Large heart-shaped feature found on Pluto
Most prominent are an elongated dark feature at the equator, informally known as “the whale“, and a large heart-shaped bright area measuring a few 2,000 kilometres across on the right.
These are the most recent high-resolution views of Pluto sent by NASA’s New Horizons spacecraft, including one showing the four mysterious dark spots on Pluto that have captured the imagination of the world.
“We’re at the “man in the moon” stage of viewing Pluto”, John Spencer, deputy leader of the geology, geophysics and imaging team at the Southwest Research Institute in Boulder, Colorado, said Tuesday in a release. But thanks to the maps developed from New Horizons’ data, recorded from roughly 7.8 million miles away between July 1 and July 3, researchers are now able to see the real detail of its coloring and texture. The spacecraft will fly within 7,750 miles – the approximate distance between Seattle and Sydney.
Presently, the probe is moving at a speed of about 14kms per second and that is pretty fast to get into orbit on July 14. By July 15, the public should have access to an image of Pluto on-par with shots of Earth taken from space.
At its closest encounter, New Horizons will be 13,000km above the surface of Pluto. Initially New Horizon journeyed to Pluto in hibernation; it took 9 years and 3 billion miles for it to get near Pluto.
“The New Horizons team immediately went into action”, said Jim Green, director of Planetary Science at NASA, during a press conference Monday.

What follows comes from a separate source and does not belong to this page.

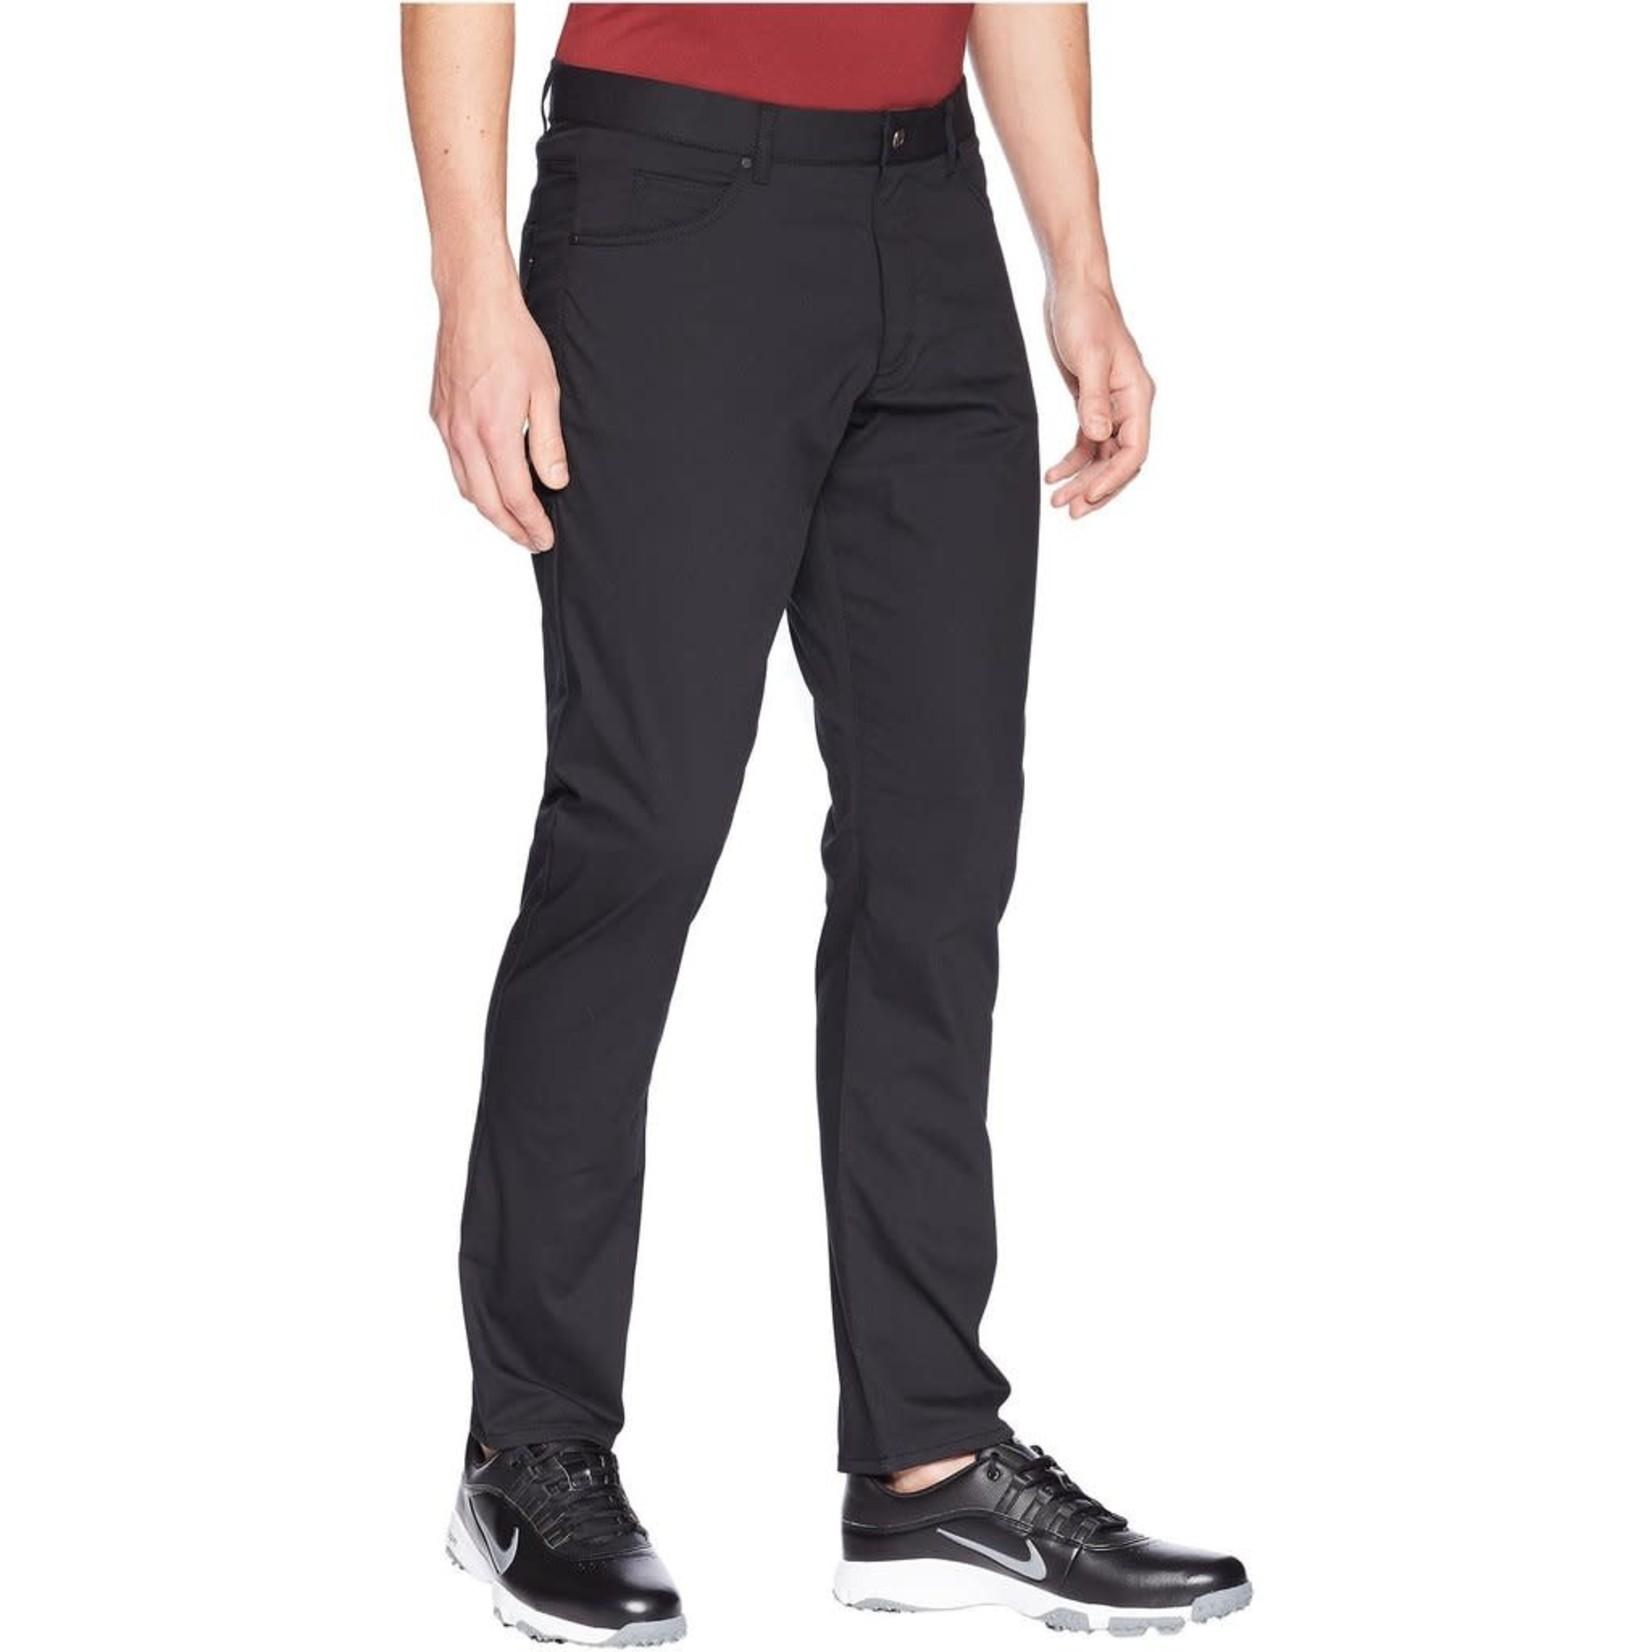 Nike Nike Pants, Flex 5 Pocket Slim, Mens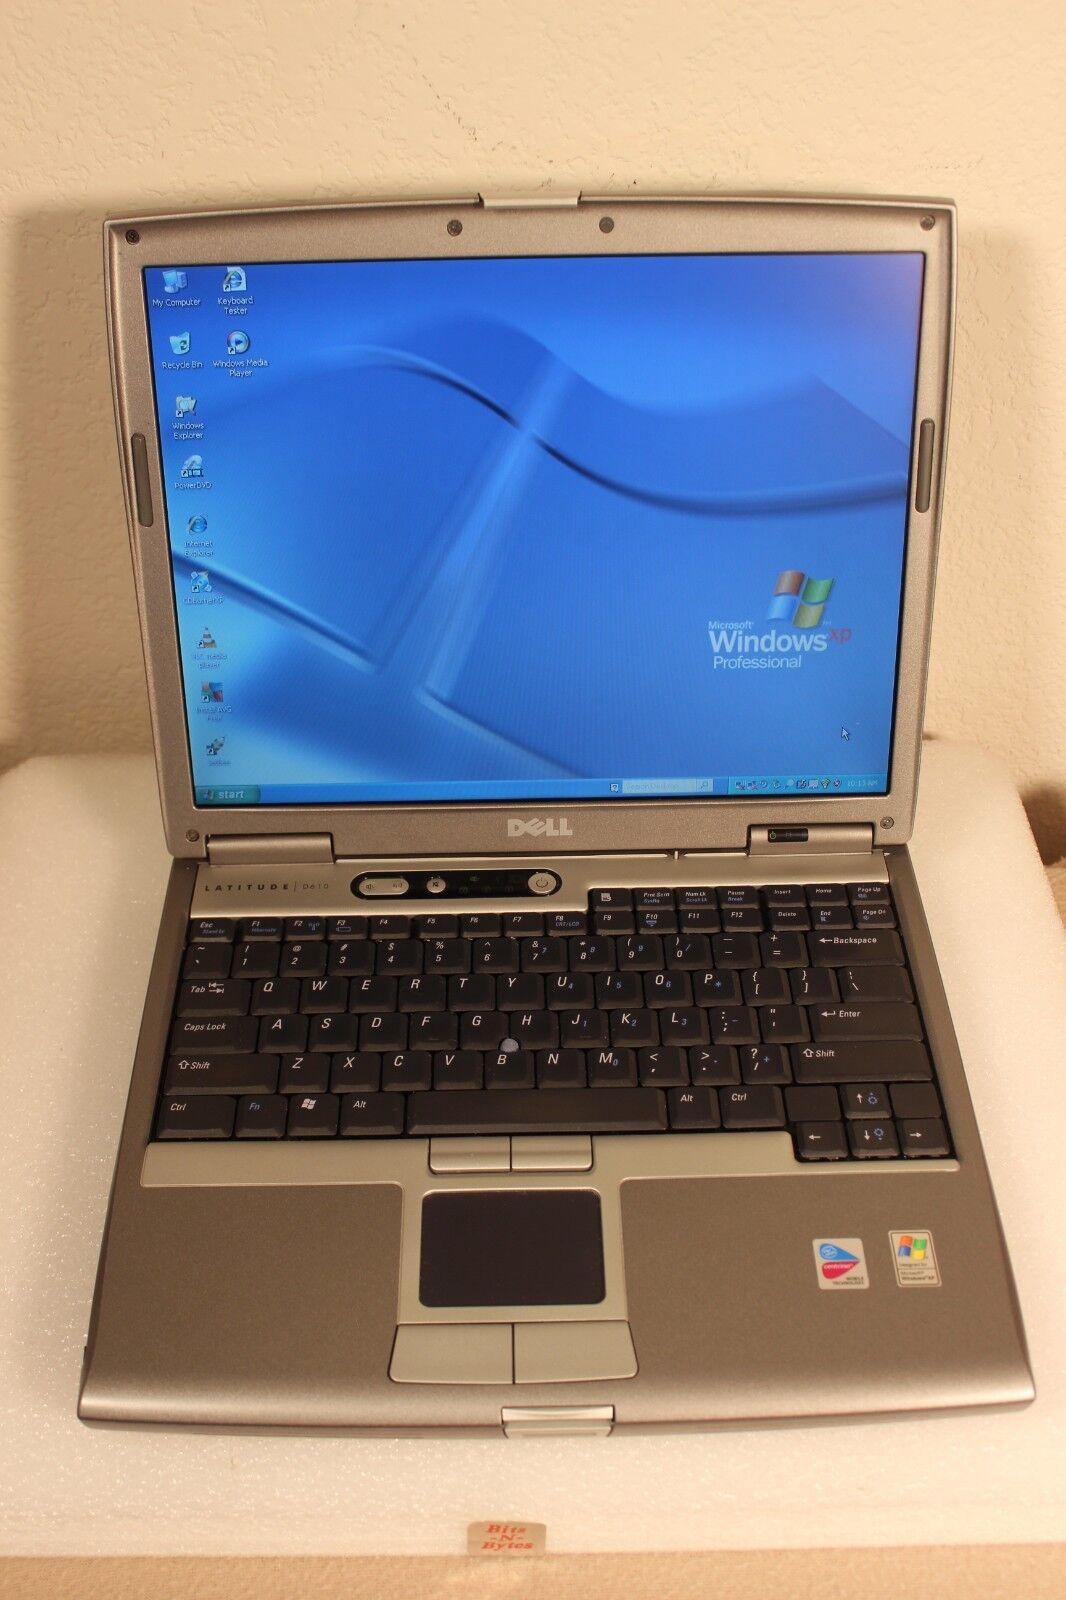 Dell Latitude D610 Notebook (1.73GHz/1.0GB/40GB/CDRW-DVD) Windows XP PRO

Science operations were temporarily disabled when the spacecraft was put into “safe mode”, however, mission scientists have concluded that the planned science observations that have been unable to be performed during the spacecraft’s recovery will not affect the mission’s primary objectives.
The spacecraft is scheduled to come as close as 6,200 miles from the surface of the dwarf planet.
The New Horizons mission is the first of its kind to explore the icy bodies that are found mostly in the Kuiper Belt beyond Neptune.
On Wednesday we’re going to see photos of Pluto so detailed that they’ll blow our minds.